Voto contra o Voto de Pesar nr. 468/XIV/2.ª pelo falecimento do Tenente-coronel Marcelino da Mata, enquanto historiadora, anti-colonialista, anti-racista, mulher política, luso-guineense, mas também enquanto cidadã e mãe.

Ajudei a aprovar iniciativas legislativas para a criação do Estatuto do Antigo Combatente e maior reconhecimento e apoio a quem serviu o país e deve, por isso mesmo, jamais ser esquecido pelo Estado, assim como para o reconhecimento e apoio aos militares dos comandos africanos que serviram o Estado colonial. Contudo, tenho de enfatizar que ninguém merece ser confrontado com o teatro de guerra e com a morte aos 20 anos e que muitos jovens não tiveram forma de escapar a uma guerra injusta, sob a rédea de um regime fascista e autoritário. Vítimas de um regime negacionista e agarrado a valores colonialistas que tentava perpetuar, procurando manter colónias em pleno século XX e subjugar povos inteiros à condição de eternos inferiorizados.

Enquanto historiadora não coopero com o branqueamento da História e das suas personagens. A História, se não for a procura da verdade, não serve nem o presente, muito menos o futuro. Porque ela está ao serviço da aprendizagem de um povo ou comunidade. Marcelino da Mata foi um criminoso de guerra, que não mostrou arrependimento público pelos seus atos até ao dia da sua morte. Matar e ser morto em teatro de guerra são duas premissas a que não se pode fugir, mas a crueldade e a malvadez como forma de luta são opções que se tomam nesse quadro. Opções que muitos não tomaram mas que Da Mata tomou em consciência e continuou sempre a vangloriar-se destas.

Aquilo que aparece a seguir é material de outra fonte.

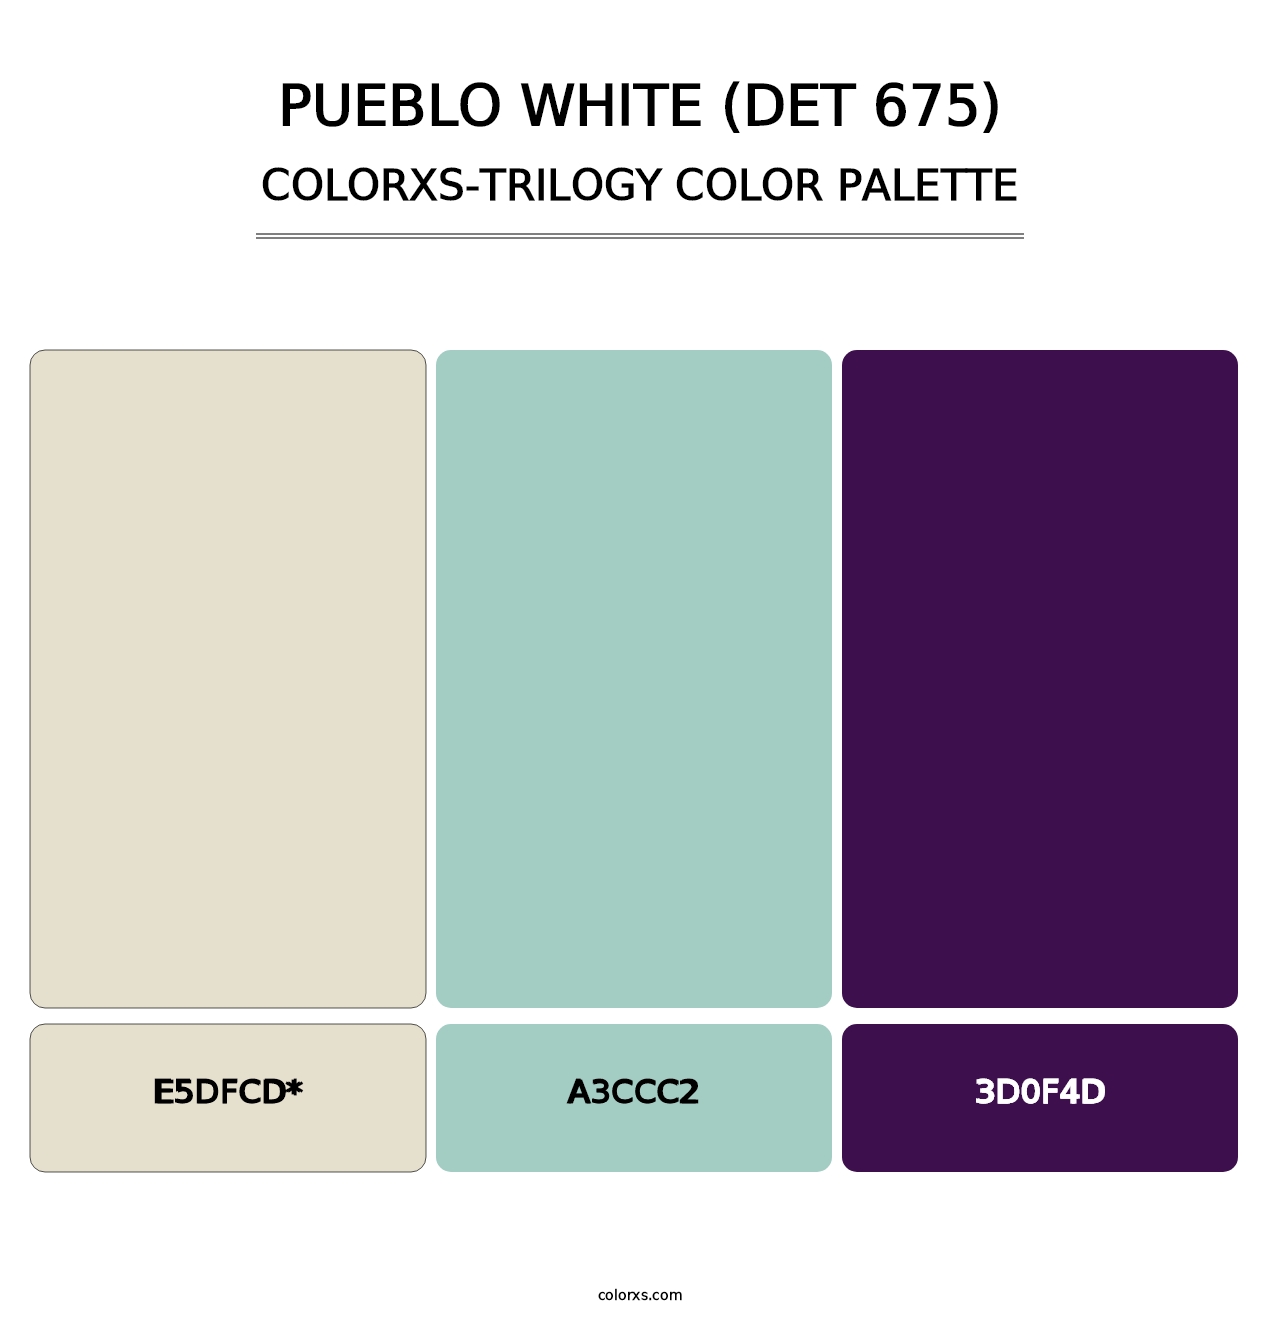 Pueblo White (DET 675) - Colorxs Trilogy Palette

Enquanto anti-colonialista e anti-racista, jamais ponderaria homenagear um homem como Marcelino da Mata, que privilegiou a fama individual de assassino profissional em detrimento da auto-determinação de um povo que era o seu, dos povos da Guiné e Cabo-Verde, por quem lutava o PAIGC. Marcelino da Mata não foi apenas contra o seu povo, as suas raízes e a sua ancestralidade, mas foi também um homem contra o seu tempo, que abraçou o colonialismo quando este definhava e para salvá-lo usou toda a violência possível, toda a desumanidade e o medo que esta provocava. Juntou-se ao poder colonial e racista, homenageando-o com a sua violência extrema.

Como política, tenho a responsabilidade de representar os valores humanitários e democráticos que não coincidem com aqueles que Marcelino da Mata, a sua vida, história e pensamento representam.

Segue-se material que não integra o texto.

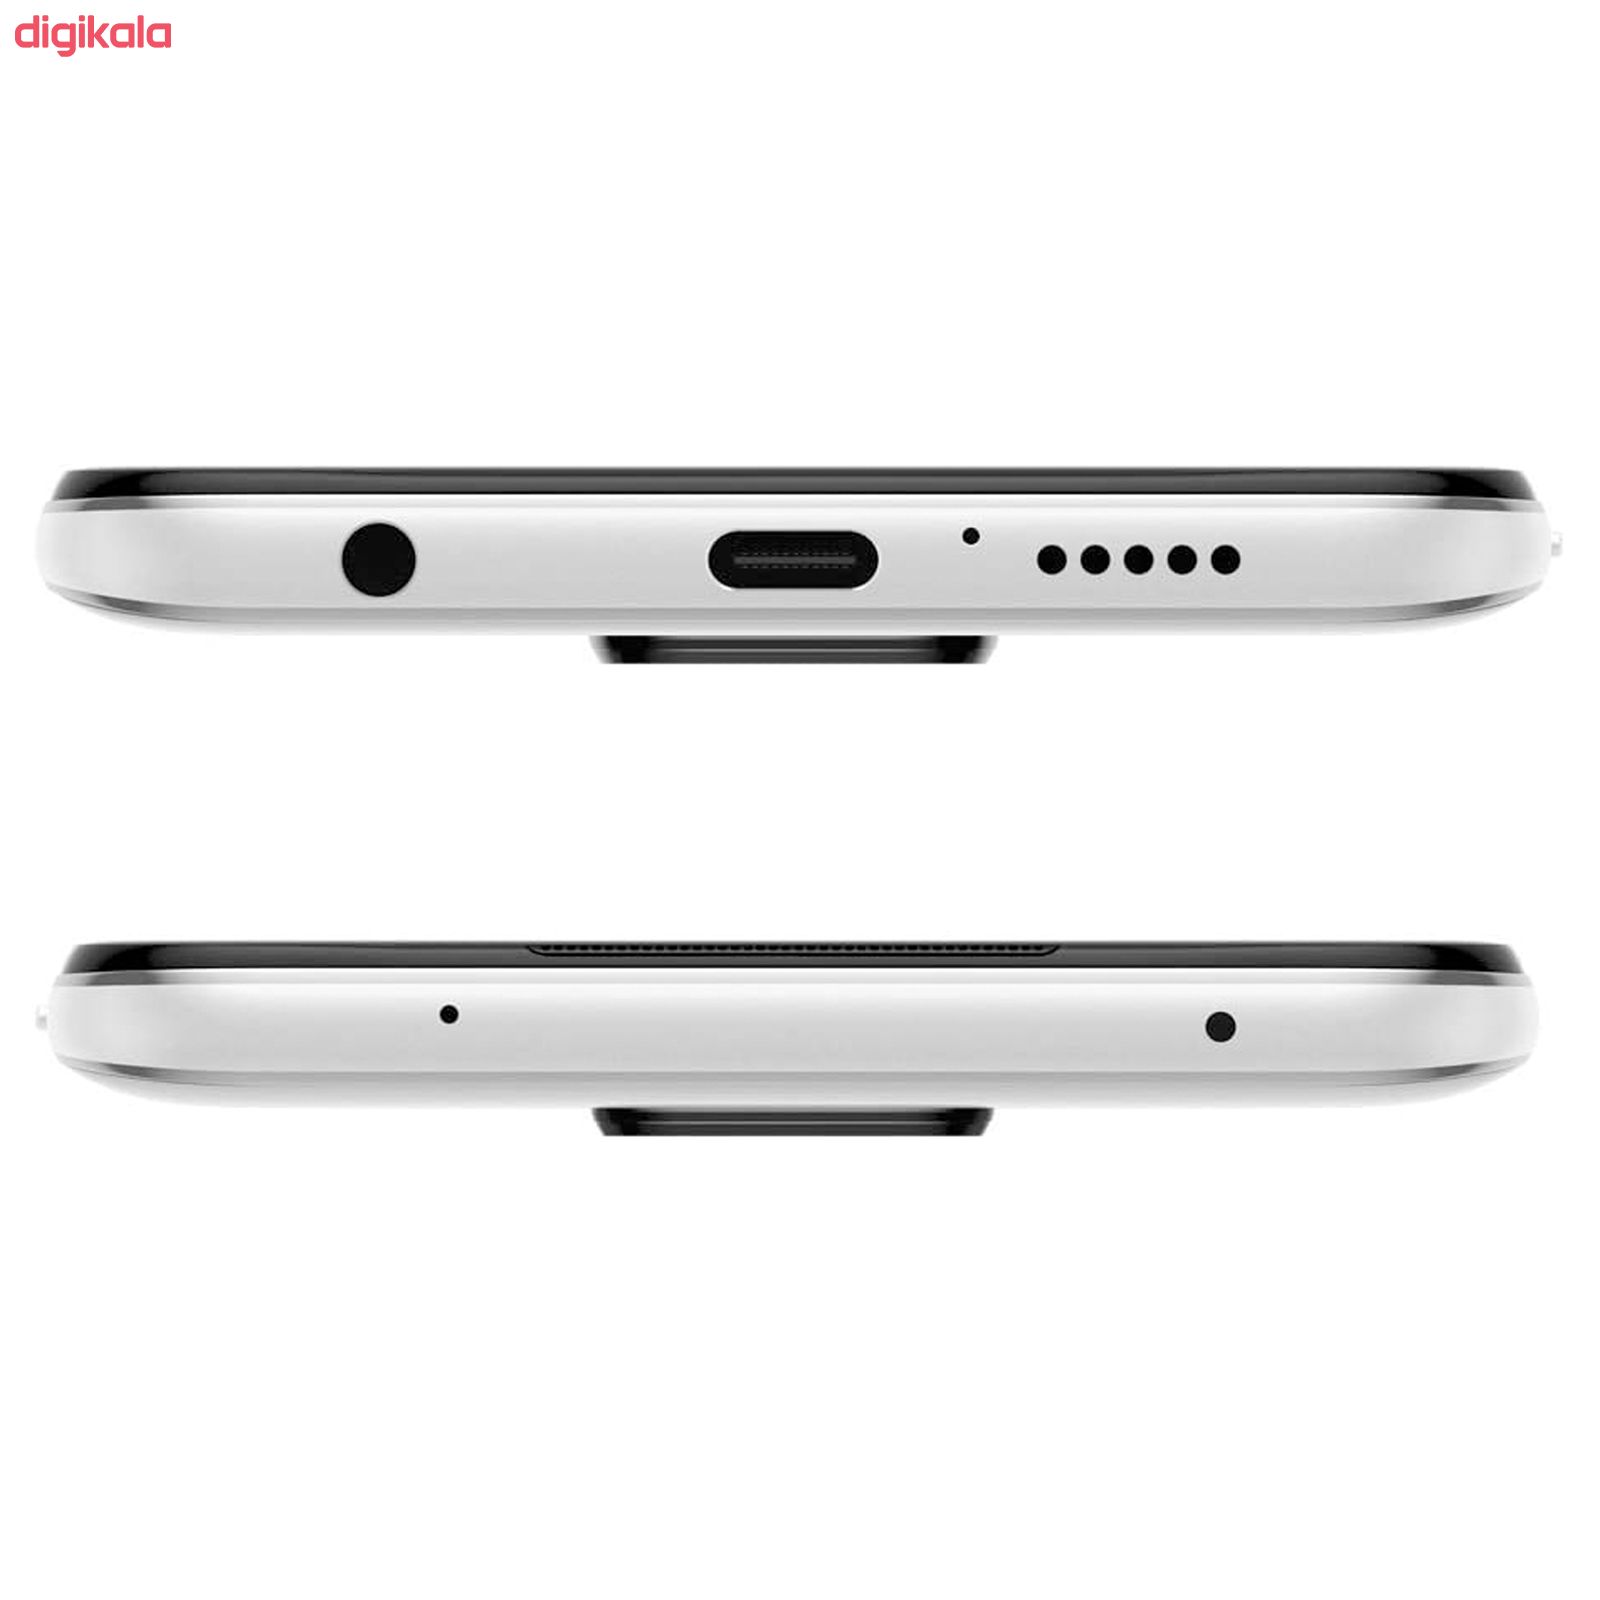 گوشی موبایل شیائومی مدل Redmi Note 9S M2003J6A1G دو سیم‌ کارت ظرفیت 128گیگابایت

Enquanto luso-guineense, trago a herança de um povo combatente e resiliente que venceu a guerra colonial e pôs fim ao regime secular do colonialismo, permitiu as condições para o 25 de Abril em Portugal, que hoje todas e todos celebramos. Enquanto herdeira de duas revoluções pela Liberdade e contra o colonialismo, não subscrevo o nome de Marcelino da Mata.

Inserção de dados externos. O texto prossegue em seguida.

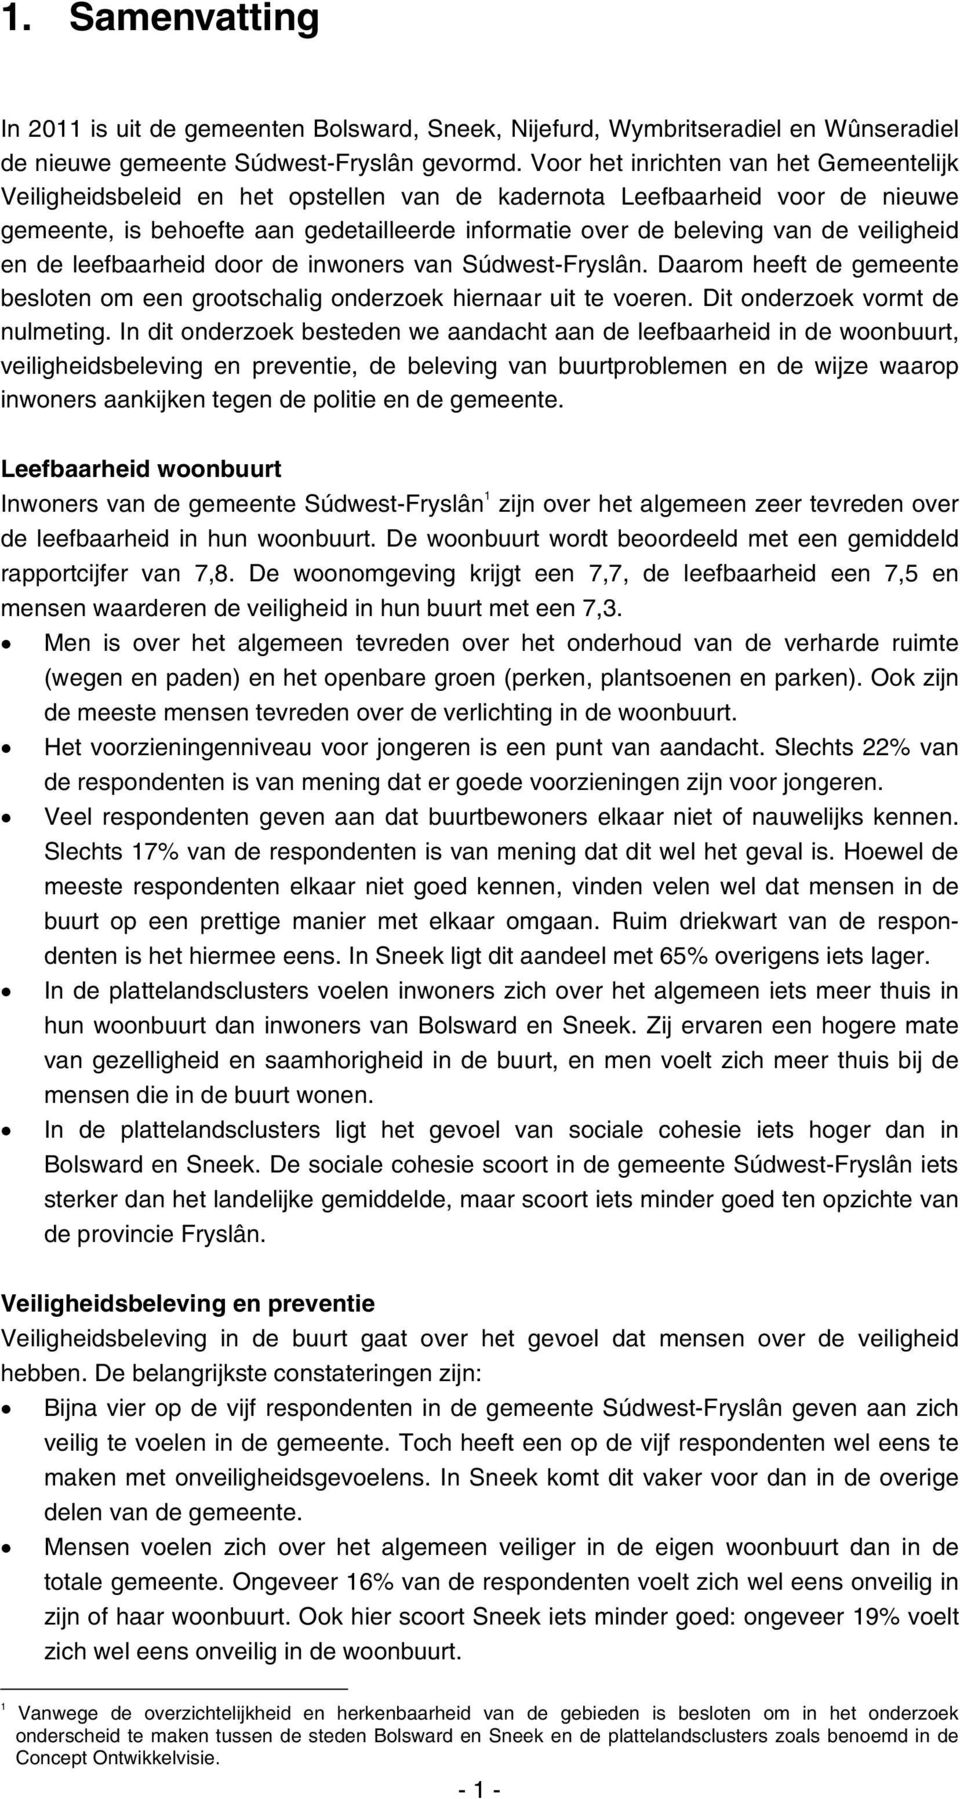 veiligheid en de leefbaarheid door de inwoners van Súdwest-Fryslân. Daarom heeft de gemeente besloten om een grootschalig onderzoek hiernaar uit te voeren. Dit onderzoek vormt de nulmeting.

Como mãe, junto-me à dor das mulheres guineenses que perderam os seus filhos e sofreram a brutalidade da guerra, da chacina e da matança. Abraço as mães vivas e já falecidas dos combatentes que trouxeram a Libertação política à Guiné-Bissau e a Cabo Verde. E estou do lado das mães portuguesas que sofreram a perda de entes queridos sem que pudessem interferir e ter voz num mundo de homens que rouba os filhos das mulheres para a dor e a morte. Marcelino da mata traiu o seu bambaram.

Marcelino da Mata não merece qualquer honra. Não merece ser votado na casa da democracia porque foi um anti-democrático e contra a auto-determinação dos seus próprios irmãos e irmãs. Marcelino da Mata não esteve à altura do seu tempo e tombou pelo lado que considerou mais forte.